Scottish poet Kenneth Steven imagines a medieval artist, working on an illuminated manuscript. “Some days,” the artist tells us, “there is nothing in the pen / except my own emptiness.” He waits, and waits, and then
Just sometimes something breaks inside
like the brittle lid of a casket
and pours out light onto the waiting page.*
What a fitting image for Advent! Sometimes, the waiting of this season can feel like nothing but emptiness. We write the cards and shop for gifts, yet, somehow, everything feels hollow, an echoing emptiness.
Advent is not a season of instant gratification. It is a season of anticipation. Waiting in anticipation is a far different thing than just killing time. Waiting in anticipation is focused, focused outward. We may not know exactly what we are waiting for, but still we are alert, aware, paying attention, waiting for any glimpse of that light pouring out.
“Waiting beckons us to other-centeredness,” I read last week. We look beyond ourselves. We anticipate that somewhere, in some surprising way, the gifts of Advent will appear. Hope. Peace. Joy. Love.
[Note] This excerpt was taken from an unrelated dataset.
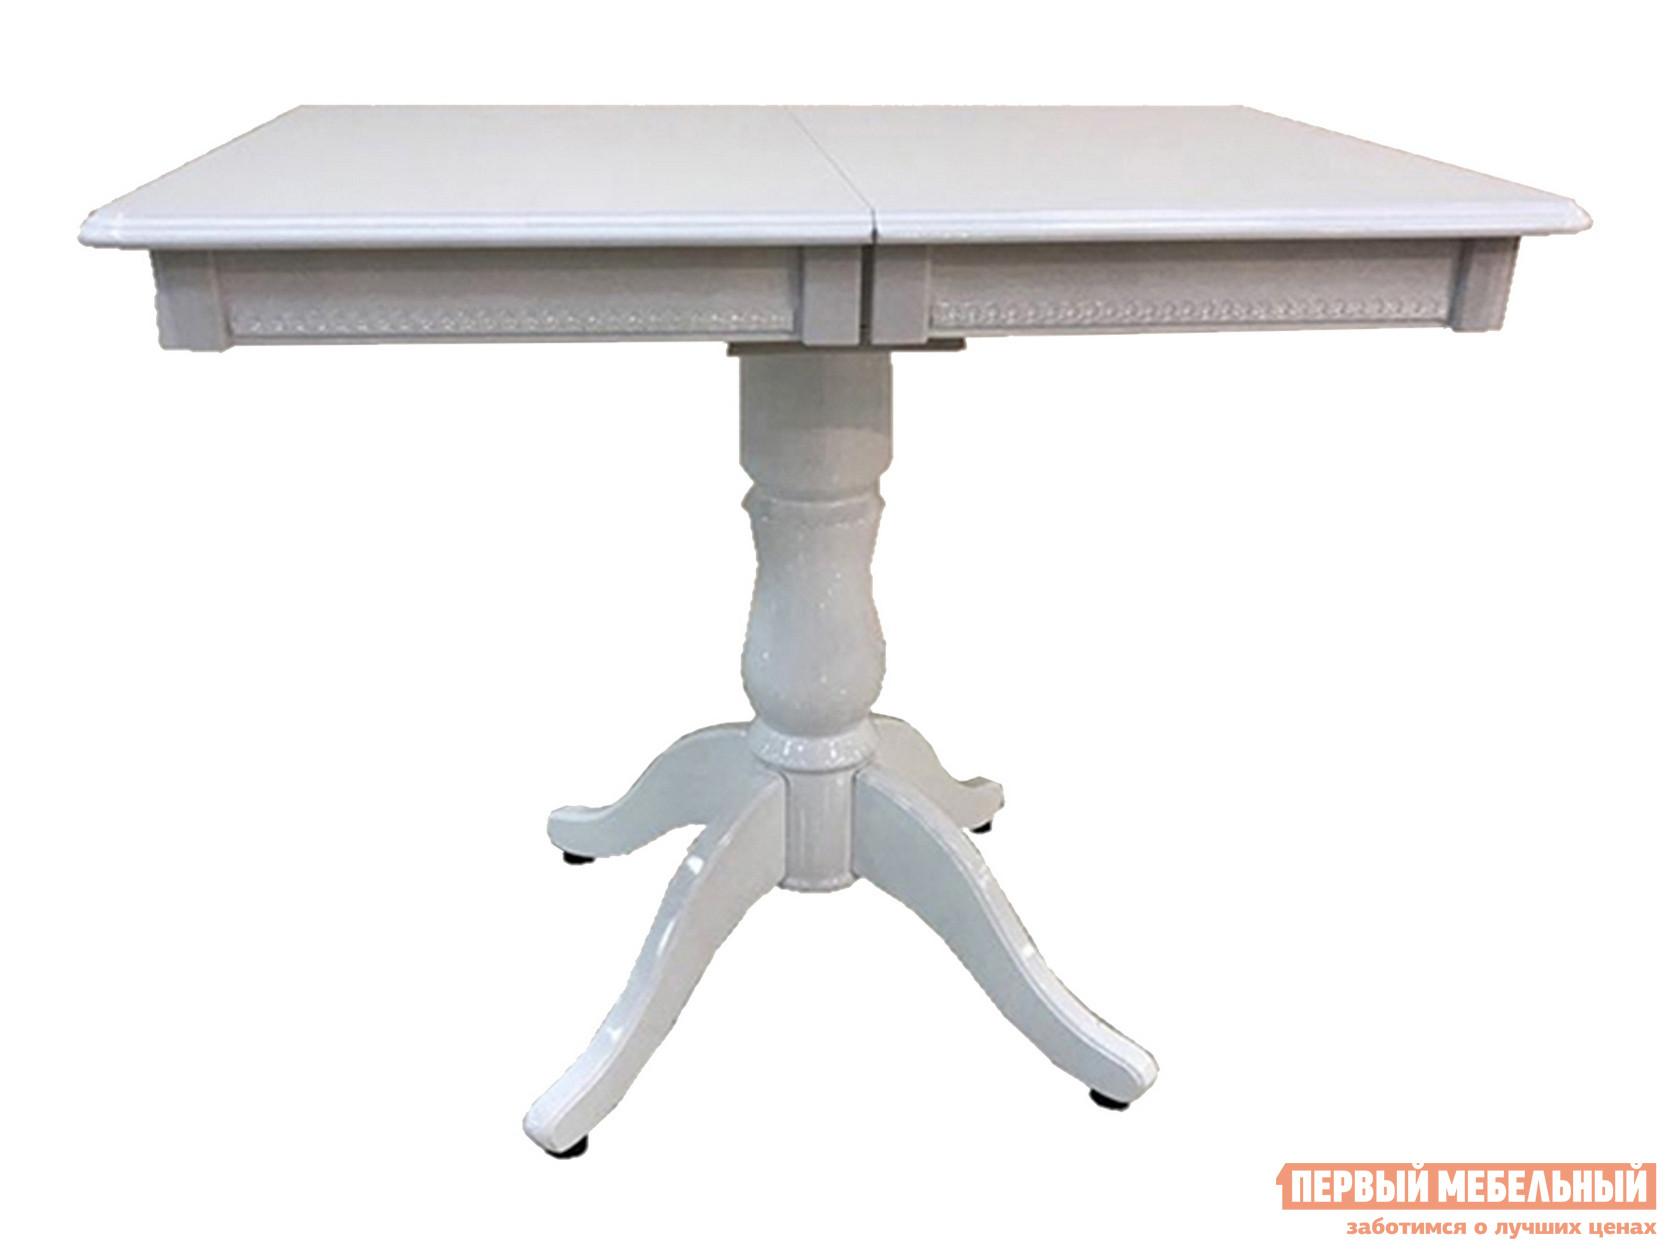 Обеденный стол ДИК Стол Альт 69-31 обеденный стол дик стол альт 69 11

Sometimes, just sometimes, the light will shine. We cannot predict where or when. It may be at a Christmas concert. It may be at a soup kitchen. It may be just a brief respite from life’s struggles. Rev. Molly Smothers calls our attention to the fourth verse of “It Came Upon the Midnight Clear,” which addresses, “… you beneath life’s crushing load / whose forms are bending low,” inviting them (or is it us?) to simply “rest beside the weary road, / and hear the angels sing.” It may be enough, Smothers reminds us, “to simply rest where we are … and listen.”**
Sometimes, just sometimes, the light breaks through, but only if we are watching. Sometimes, just sometimes, we hear the angels sing, but only if we are alert, only if we are listening.
Amen. May it be so. Amen.
-- Bill
*Kenneth Steven, “Illuminated Manuscript,” in Iona: New and Selected Poems (Paraclete Press, 2021), p. 33
**Molly Smothers, “Clarity in Verse Four,” in Abide with Us: An Advent Devotional, ed. Paul Koch (Chalice Press, 2023), p. 18.